→ **WHAT NEEDS TO BE DONE**: Below are lines of records; copy exactly those from the one containing "18. Вид спальни" through the one containing "I 10 posti migliori da visitare in Austria", leaving the pictures behind.

→ **DATA FOR THIS EXERCISE**:
————

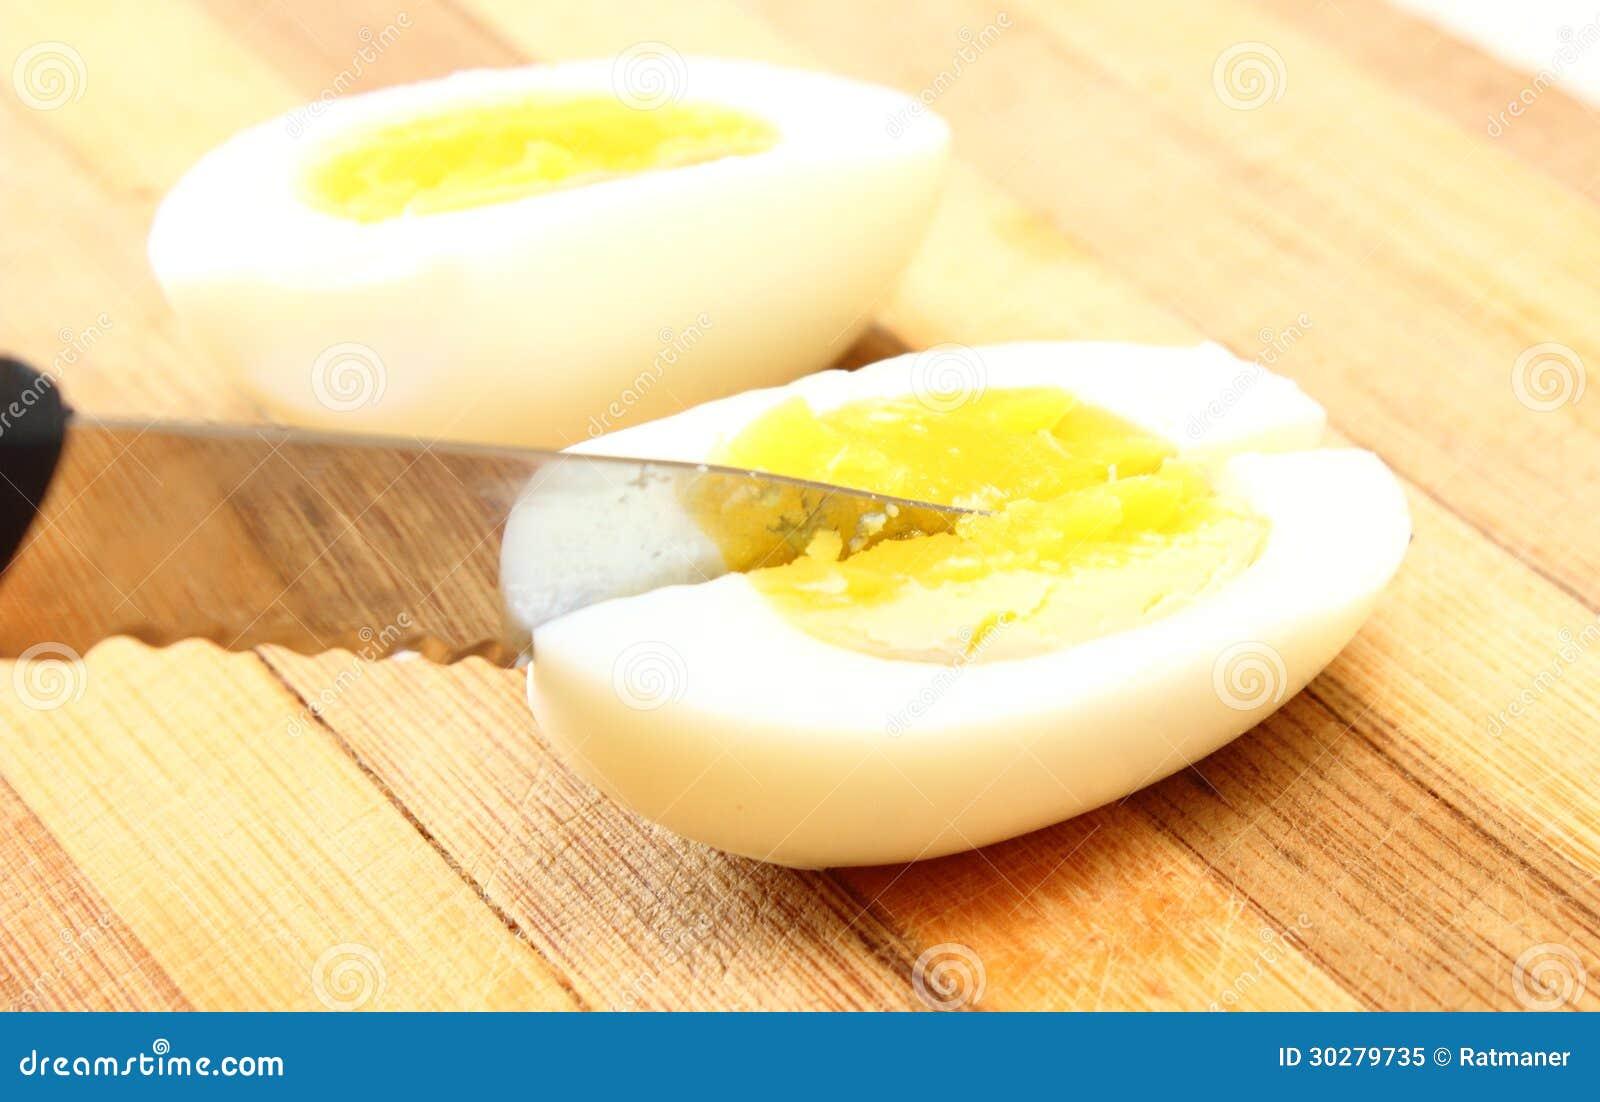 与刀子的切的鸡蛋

————

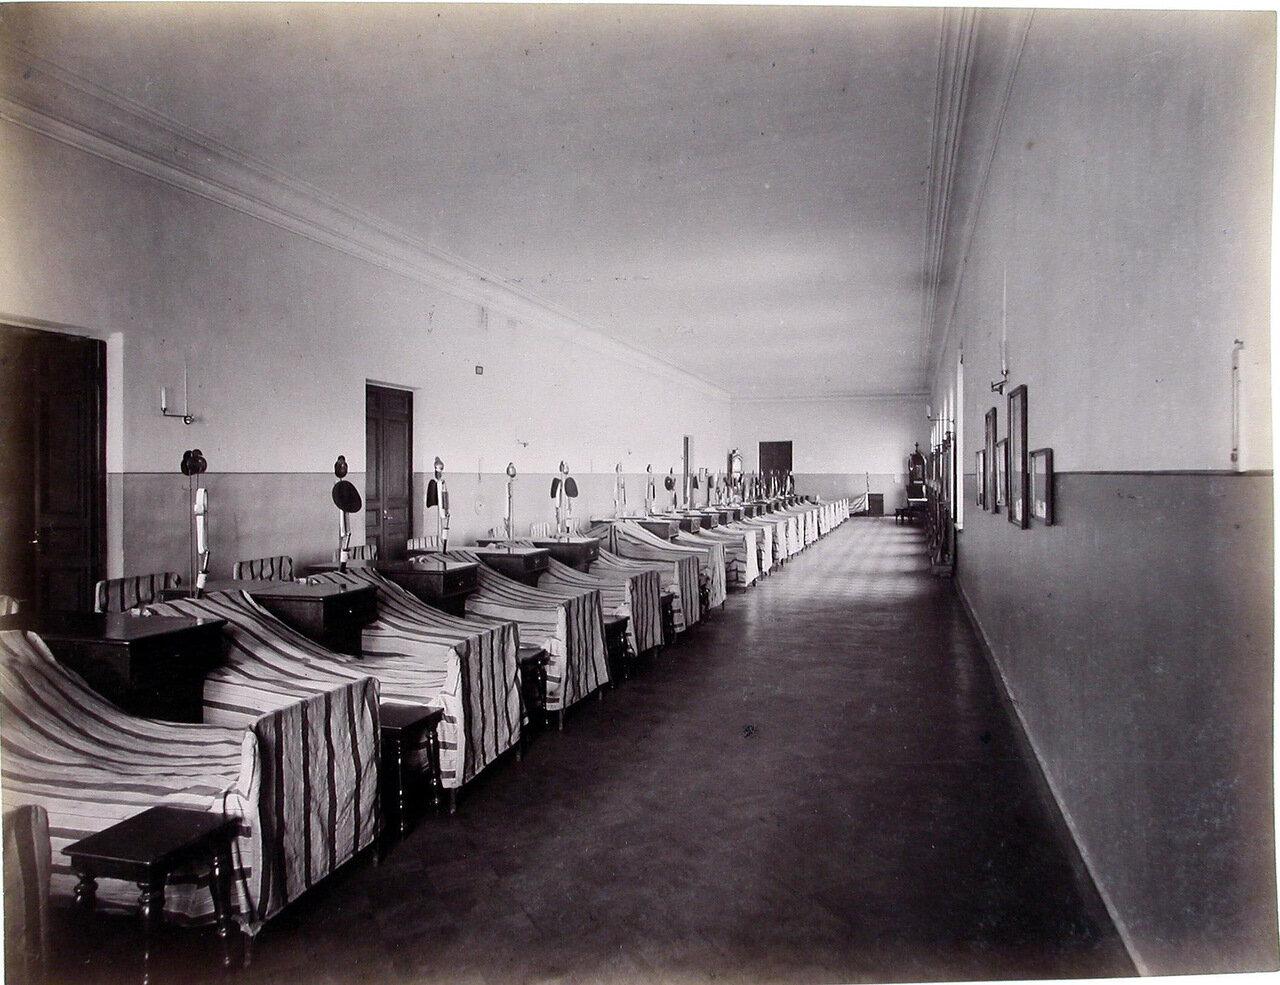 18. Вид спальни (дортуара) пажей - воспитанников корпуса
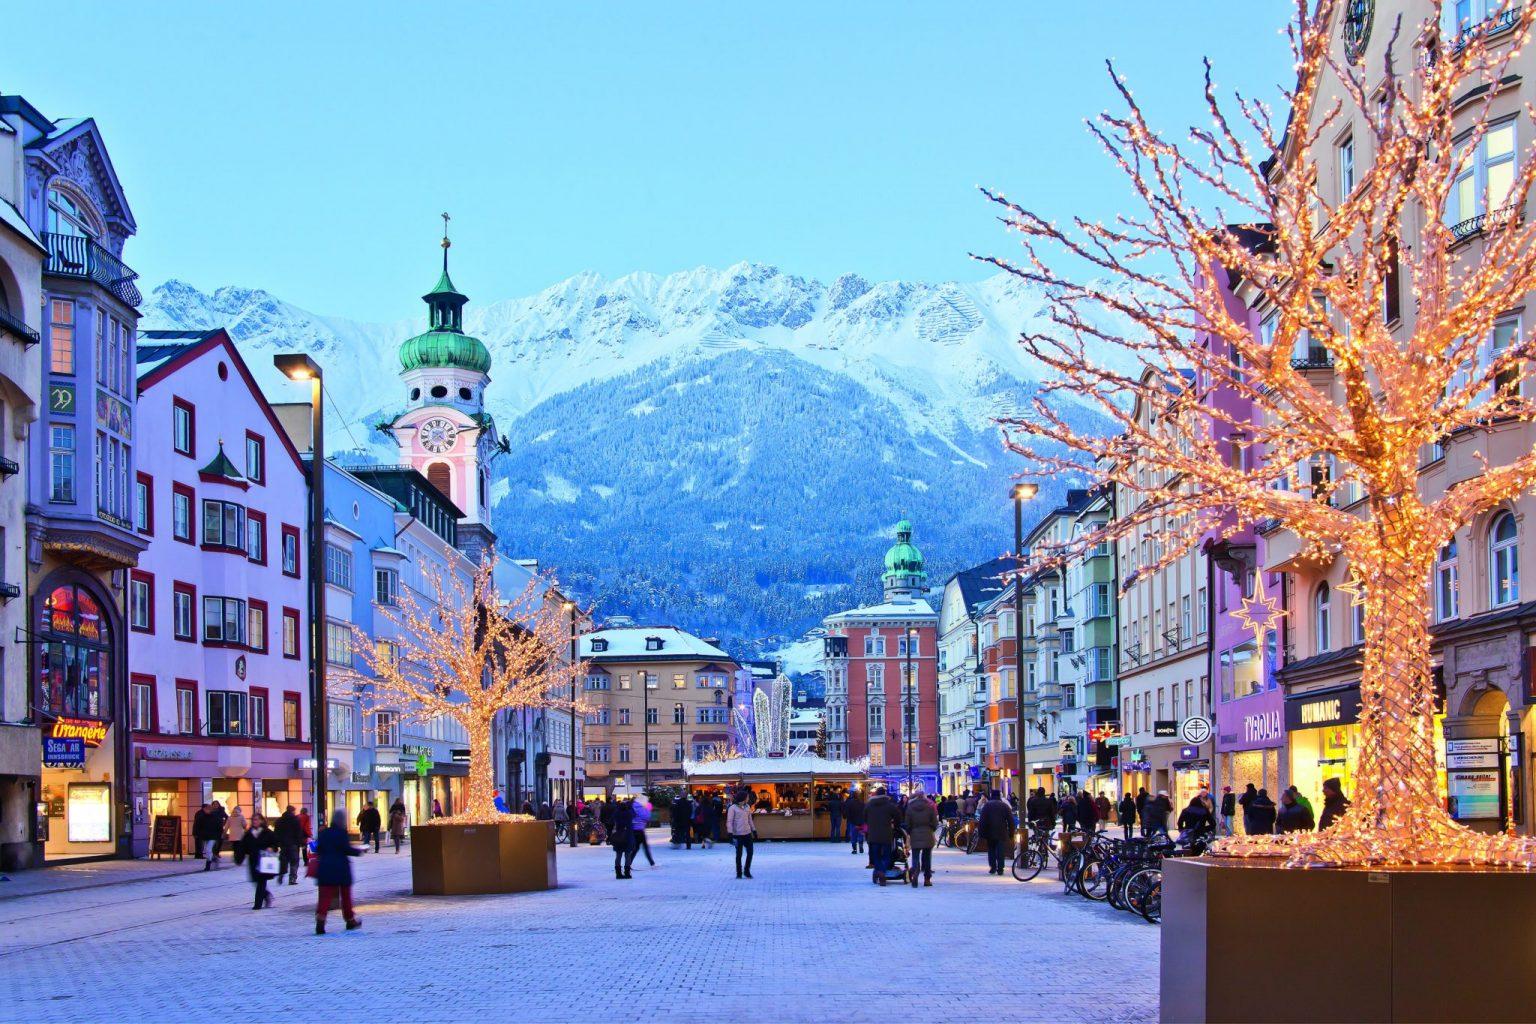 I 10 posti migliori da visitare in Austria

————

→ **SOLUTION TO THIS TASK**:
 18. Вид спальни (дортуара) пажей - воспитанников корпуса
 I 10 posti migliori da visitare in Austria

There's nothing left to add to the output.